Überaus anschaulich beschreibt Lehnstaedt diesen fortgesetzten Krieg: Die Ukraine verlor ihre junge Staatlichkeit 1919 direkt wieder. Polnische Truppen zogen in Minsk, Wilna und Lemberg ein. 1920 war von einem Bewegungskrieg an einer über tausend Kilometer langen Front geprägt. Polens Armee eroberte Kiew. Um das Vaterland zu verteidigen, verbündeten sich nun temporär konterrevolutionäre, „weiße“ Einheiten mit den Bolschewiki.

Das "Wunder an der Weichsel"

Gemeinsam ging man erfolgreich zum Gegenangriff über: Die Rote Armee trieb ihren polnischen Gegner in lediglich acht Wochen 500 Kilometer nach Westen. Lehnstaedt bezeichnet diese Kämpfe als die letzten glorreichen Tage der Kavallerie und zugleich als die ersten Vorboten des modernen Bewegungskrieges.

Nun war es plötzlich Warschau, das sich direkt bedroht sah. Doch es wurde durch das „Wunder an der Weichsel“ im August 1920 gerettet: Vor den Toren der Stadt schlug Pilsudski die Rote Armee durch ein riskantes Zangenmanöver – mit, so Lehnstaedt, weitreichenden Konsequenzen. Denn bis dahin hatte ein Weitertragen des Bolschewismus bis nach Deutschland als vorstellbar gegolten. Doch nun war der sowjetische Traum von der Weltrevolution ausgeträumt. Der expansionistische Kriegskommunismus war am Ende. An seine Stelle trat Stalins nach innen gerichtetes Konzept vom „Sozialismus in einem Land“.

Der Frieden von Riga

Am 18. März 1921 schlossen Polen und Sowjetrussland Frieden im neutralen Riga. Das Ergebnis ihres Krieges war ein gemischtes – für beide Seiten. Lehnstaedt fasst es prägnant zusammen: kein Sieg für Polen, aber auch keine Niederlage. Viel weniger Landgewinn als von polnischer Seite erhofft, aber auch keine neue kommunistische Republik im Osten Europas. Dafür stand Warschau nun allein gegen die 1922 gegründete Sowjetunion. Denn die Ukraine hatte aufgehört, als eigenständiger Staat zu existieren. Auch Weißrussland war sowjetisch.

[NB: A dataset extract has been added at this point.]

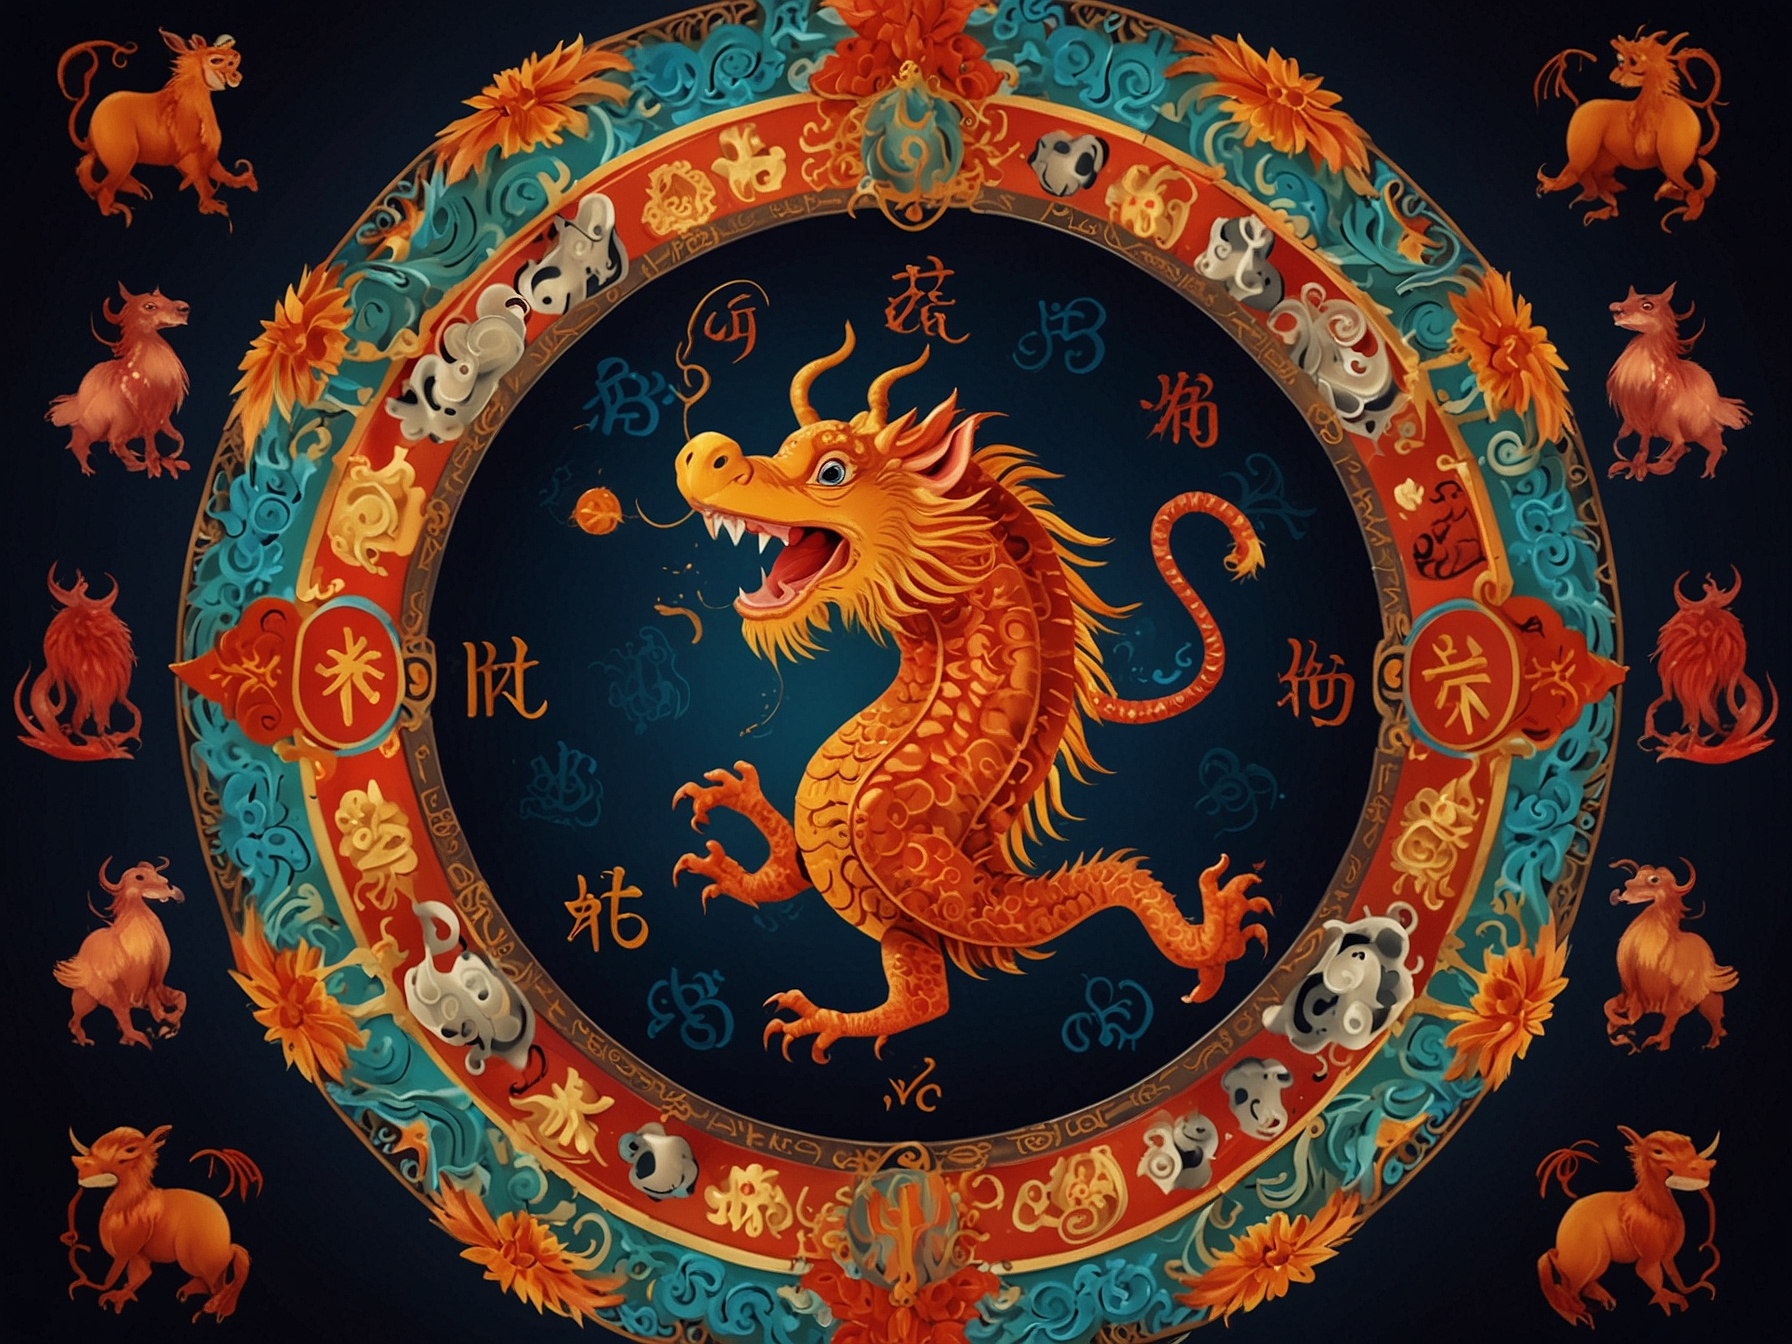 A captivating illustration of the twelve Chinese zodiac signs arranged in a circle with the Dragon, Rat, Horse, Goat, and Monkey highlighted in vibrant colors, symbolizing their luck this week.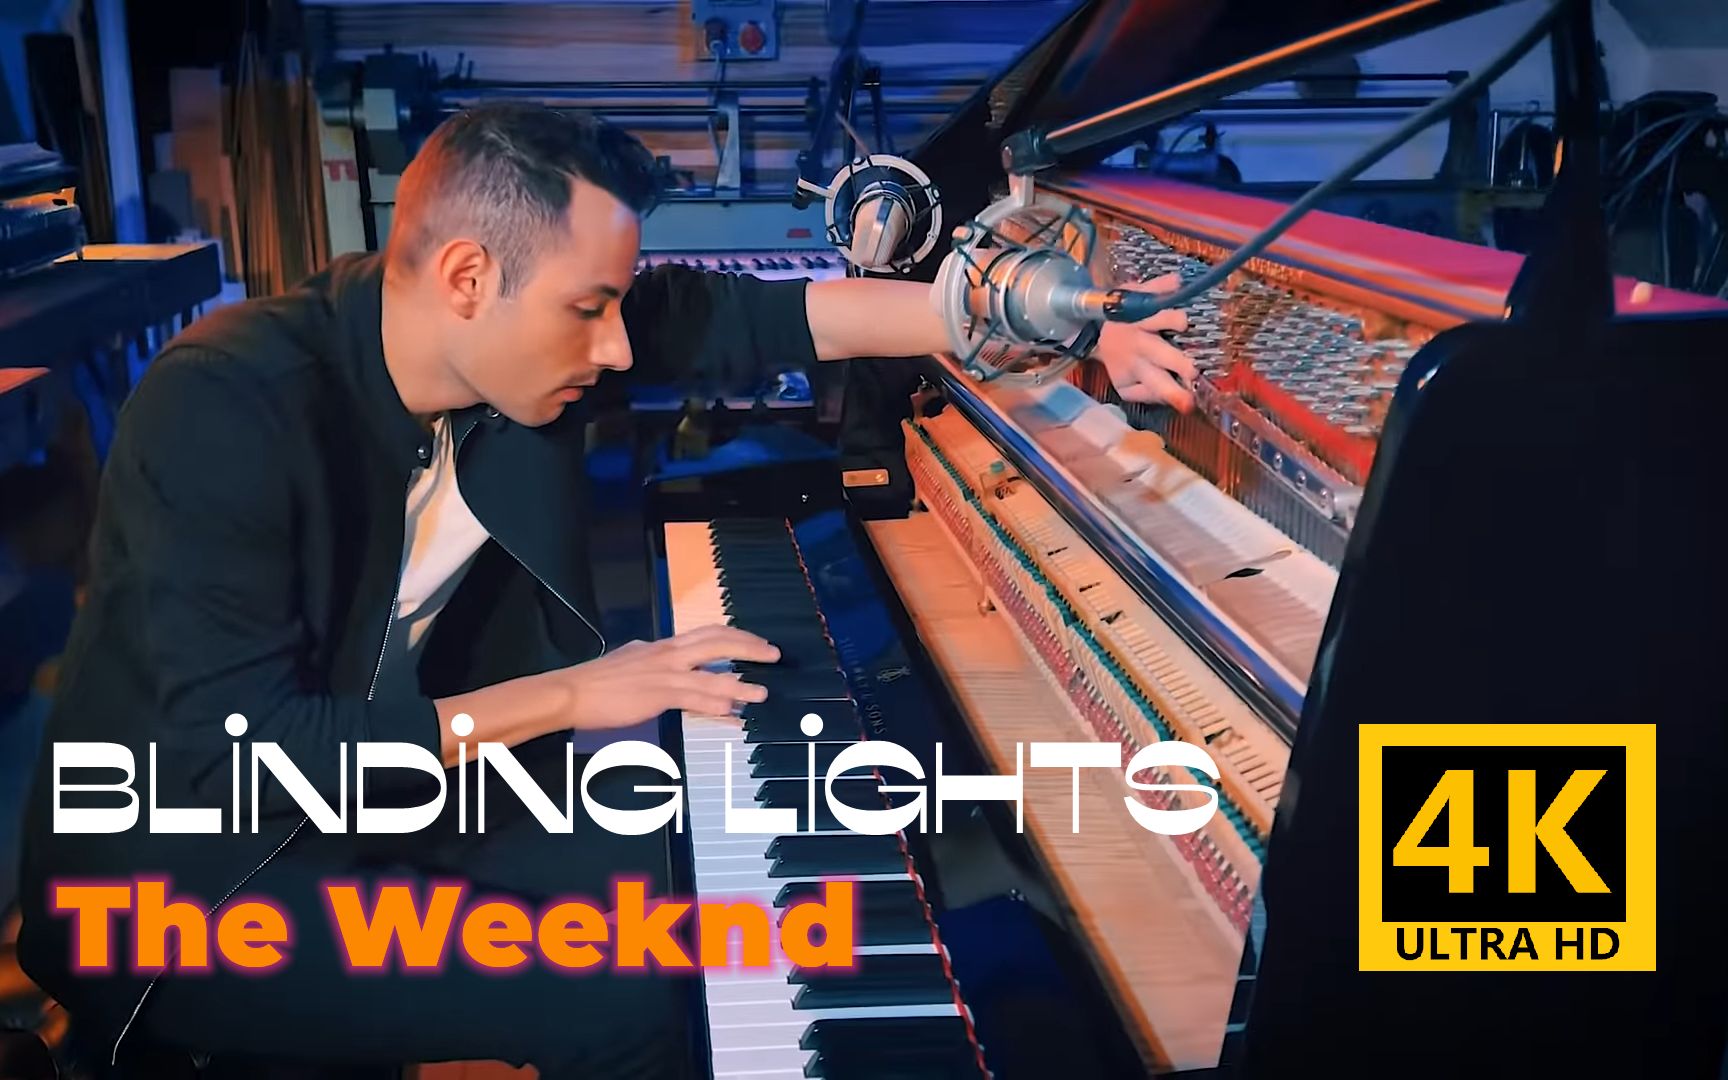 【4K】深度还原盆栽哥 Blinding Lights - The Weeknd x Peter Bence (Piano Cover)

Und für die weitere Geschichte Polens noch viel dramatischer: In Moskau sannen die Bolschewiki auf Rache, vor allem Stalin, der für die Niederlage vor Warschau verantwortlich gemacht wurde. In seinem Pakt mit Hitler 1939 sicherte er sich dann denjenigen Teil Polens, den die Sowjets in Riga 1921 hatten abtreten müssen.

Stephan Lehnstaedt: Der vergessene Sieg. Der Polnisch-Sowjetische Krieg 1919–1921 und die Entstehung des modernen Osteuropa. Verlag C. H. Beck, München 2019. 221 S. mit 11 Abb. und 2 Karten, 14,95 €.